The on-the-run bond is the benchmark: the price point quoted in Bloomberg, the bond everyone watches. Large institutional investors (central banks, pension funds, hedge funds) trade on-the-run bonds to quickly establish or adjust Treasury exposure. A pension fund wanting 10-year duration exposure will buy the on-the-run 10-year, not hunt for an off-the-run issue.
The off-the-run bond is the same maturity but older, so it has a slightly shorter duration (as it has moved closer to maturity). If the on-the-run 10-year carries duration of 8.2 years, the off-the-run (now 9.95 years from issuance) has duration of 8.15 years. This small difference in duration should result in a slightly lower yield for the off-the-run bond, but the illiquidity discount often outweighs the duration benefit.
Consequently, off-the-run bonds often trade 0.5–2bp wider than on-the-run bonds of the same maturity. During normal conditions, a dealer will always have on-the-run inventory (sells to meet demand); off-the-run bonds are harder to borrow and less liquid. A bid-ask spread for an on-the-run 10-year is typically 1–2bp; an off-the-run 10-year might be 3–4bp. The effective cost of transacting in the off-the-run market is higher.
The on-the-run/off-the-run arbitrage
An arbitrageur exploits this spread discrepancy by shorting the on-the-run (selling what is readily available and liquid) and buying the off-the-run (buying the mispriced-cheap security). If the on-the-run 10-year is yielding 4.2% and the off-the-run 10-year (which should yield slightly less due to marginally shorter duration) is yielding 4.25%, the 5bp spread offers a trading opportunity.
Here's the execution:
- Borrow (via repo) the on-the-run 10-year bond (secure a short position); the repo rate is typically very low (0.5–1%) because on-the-run bonds are easy to borrow.
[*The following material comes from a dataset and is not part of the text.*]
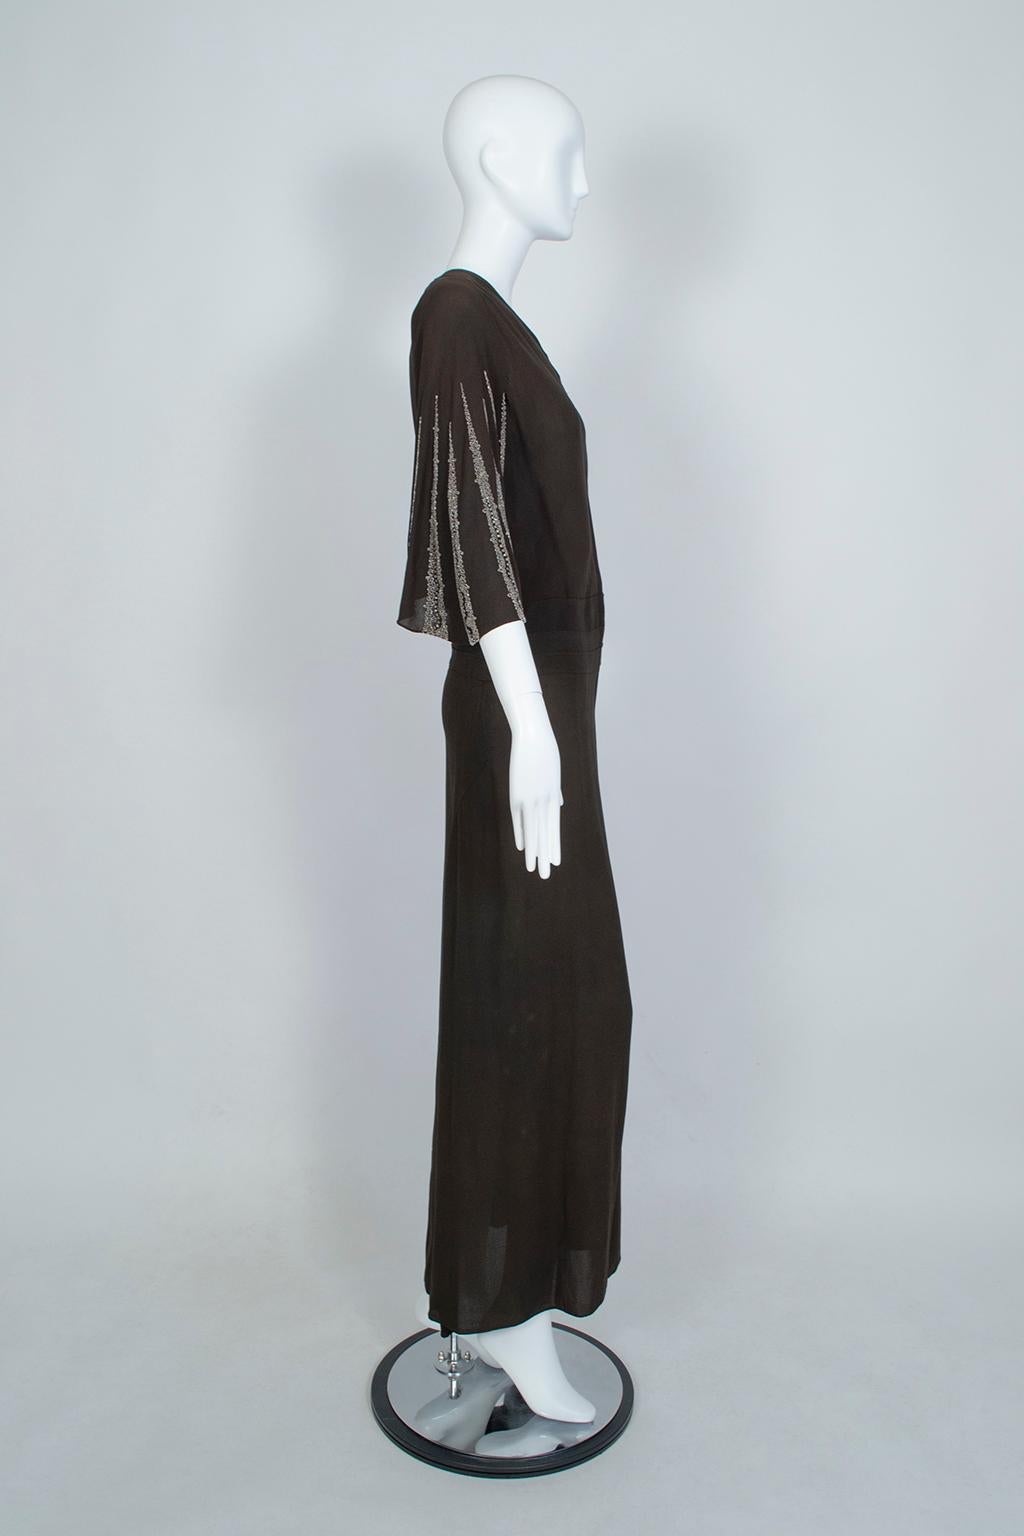 Dignified and statuesque, this gown combines the modesty and rigor of a kimono with the body conscious glamour of the 1930s. The high cut asymmetrical bodice and inset obi waist detail keep it demure, but the fluttering batwing sleeves—dripping with

- Sell the borrowed bond (short sale).
- Simultaneously, buy the off-the-run 10-year bond in the cash market.
- The short is now 20k notional of on-the-run bonds; the long is 20k notional of off-the-run bonds.
The P&L of the trade:
- Long off-the-run yields 4.25%; long side accrues 425bp per year.
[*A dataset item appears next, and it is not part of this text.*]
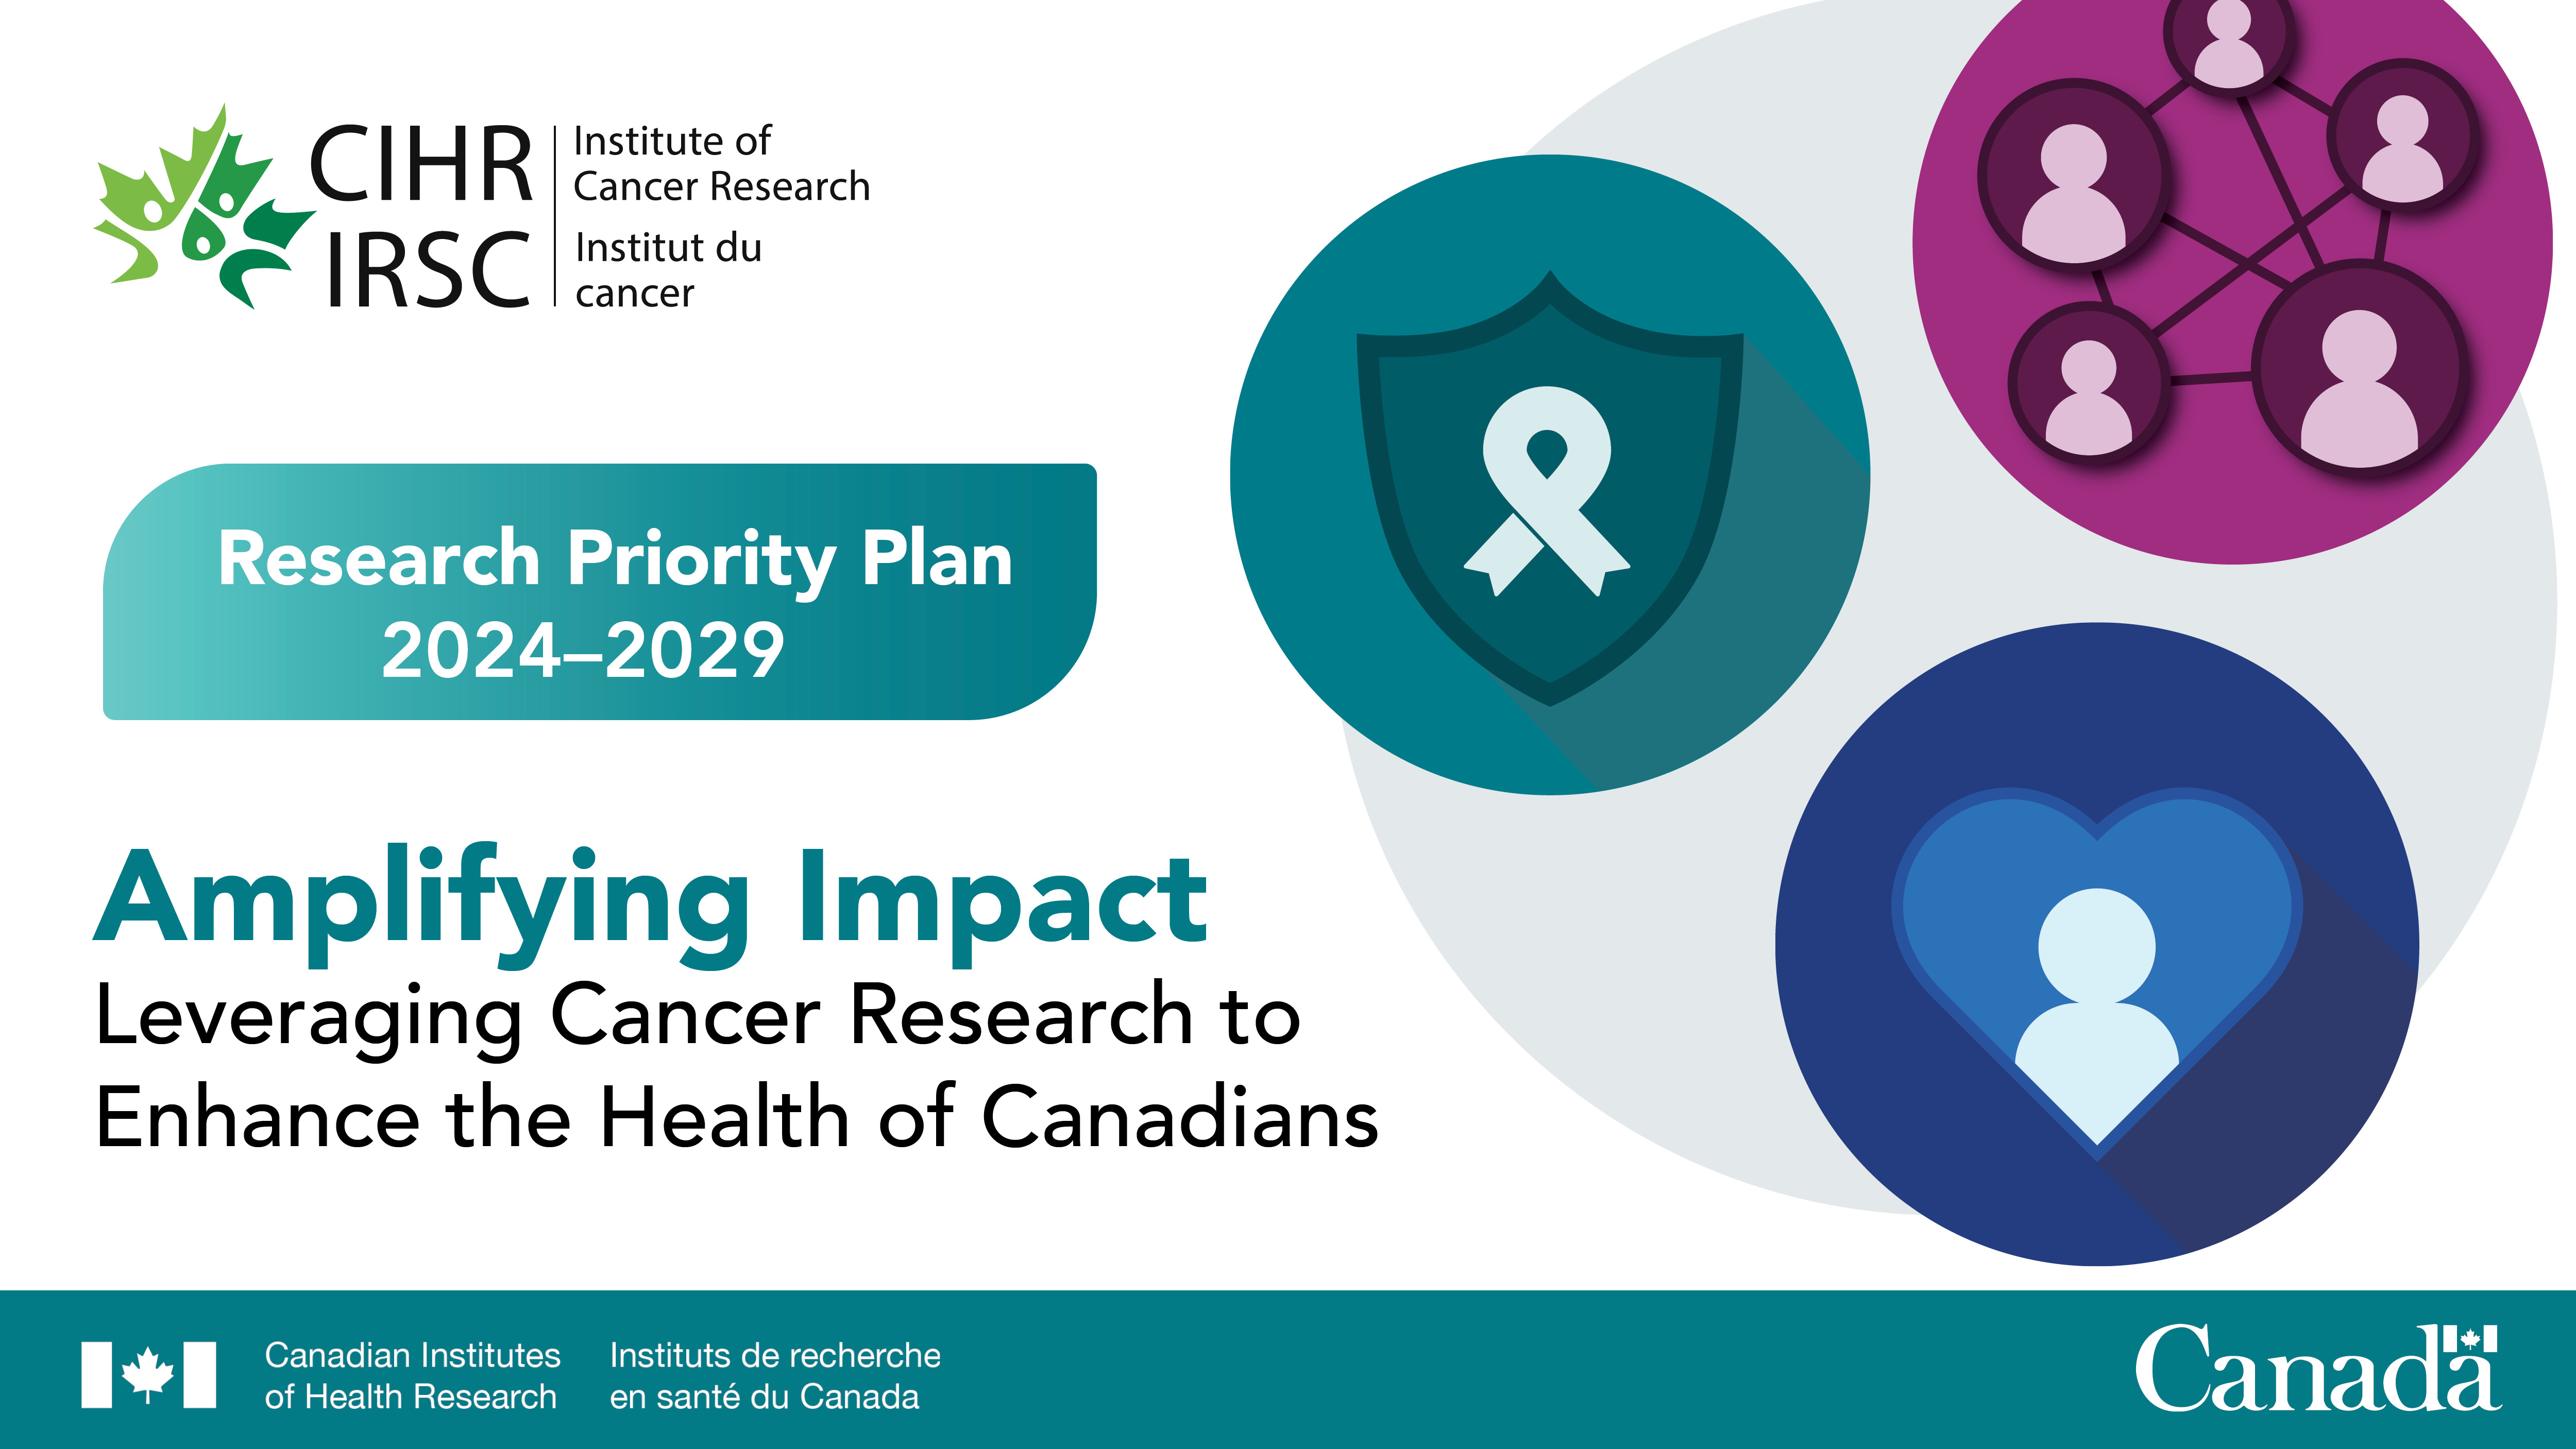 ICR Research Priority Plan 2024-2029

- Short on-the-run costs 4.2% carry; short side costs 420bp per year.
- Gross carry spread: 5bp per year on the long position.
- Minus repo cost (short on-the-run repo): ~75bp per year (at 0.75% repo).
- Net carry: 5bp — 0.75bp = 4.25bp per year.
The arbitrageur holds this trade for three months (until a new on-the-run issue is auctioned and the old on-the-run becomes off-the-run). At that point, both bonds become identical or nearly identical (they roll into the same-or-similar status), and the spread compresses to near-zero. The trade realizes the 4.25bp carry plus 2–3bp of spread convergence, netting 6–7bp of return on a three-month hold, or approximately 25–28bp annualized.
That return, while "risk-free" from a market-neutral perspective, is not without cost. The arbitrageur must maintain both positions (pay repo, mark-to-market, manage collateral), source the on-the-run bond to borrow (a small fee if the bond is in high demand), and execute the trades efficiently. Total transaction costs and funding costs might eat 10–15bp of the expected 6–7bp gain, leaving only 0–5bp net profit. This is why these trades are typically executed by dealers and large hedge funds with low funding costs, not retail investors.
Treasury futures basis arbitrage
The basis is the difference between a Treasury futures contract price and the price of the cheapest-to-deliver (CTD) bond in the futures contract. For the 10-year Treasury Note futures contract, the exchange specifies which bonds are eligible for delivery; the futures seller will deliver whichever is economically cheapest.
Example: The December 2024 10-year Treasury Note futures contract is priced at 109.50. The CTD bond (the bond the futures seller will likely deliver) is the January 2024 on-the-run 10-year, trading at 109.48 in the cash market. The basis is +2 ticks (where one tick is 1/32 = 3.125bp).
An arbitrageur can:
- Buy the futures contract (long the futures).
- Short the CTD bond in the cash market.
- Wait for expiration (when futures must be settled by delivery or cash settlement).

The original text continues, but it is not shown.